There are some public test cases and some (hidden) private test cases.
“Compile and run” will evaluate your submission against the public test cases.
“Submit” will evaluate your submission against the hidden private test cases and report a score on 100. There are 10 private testcases in all.
Ignore warnings about “Presentation errors”.

Dividing Sequences
(IARCS OPC Archive, K Narayan Kumar, CMI)

This problem is about sequences of positive integers a1,a2,…,aN. A subsequence of a sequence is anything obtained by dropping some of the elements. For example, 3,7,11,3 is a subsequence of 6,3,11,5,7,4,3,11,5,3 , but 3,3,7 is not a subsequence of 6,3,11,5,7,4,3,11,5,3 .

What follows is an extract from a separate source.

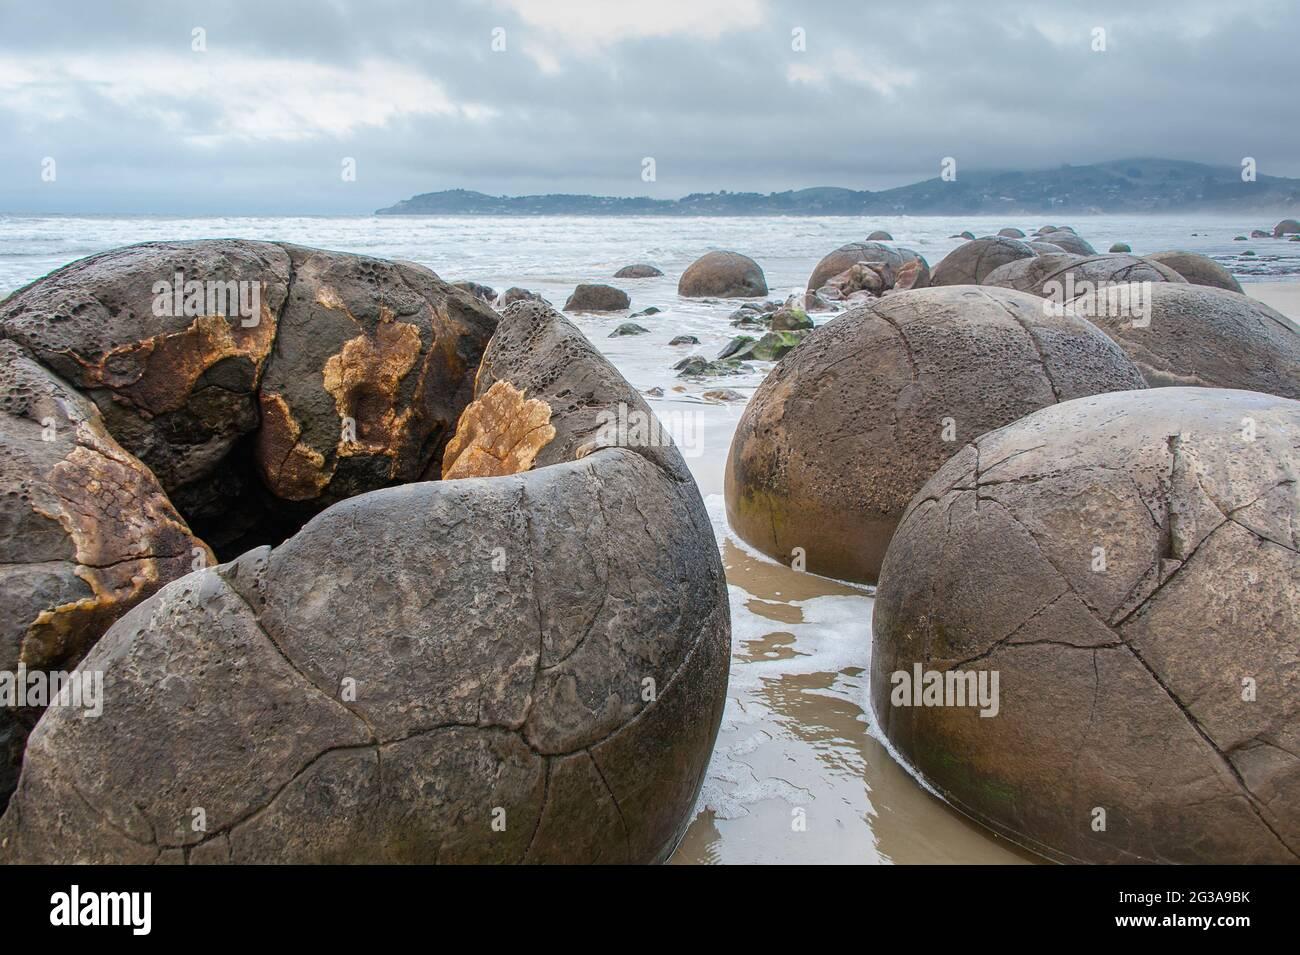 Les Moeraki Boulders sur Koekohe Plage, de l'Otago. Vue rapprochée d'un groupe de rochers sphériques, avec fond de ciel/mer gris Banque D'Images

A fully dividing sequence is a sequence a1,a2,…,aN where ai divides aj whenever i < j. For example, 3,15,60,720 is a fully dividing sequence.

Given a sequence of integers your aim is to find the length of the longest fully dividing subsequence of this sequence.

Consider the sequence 2,3,7,8,14,39,145,76,320

It has a fully dividing sequence of length 3, namely 2,8,320, but none of length 4 or greater.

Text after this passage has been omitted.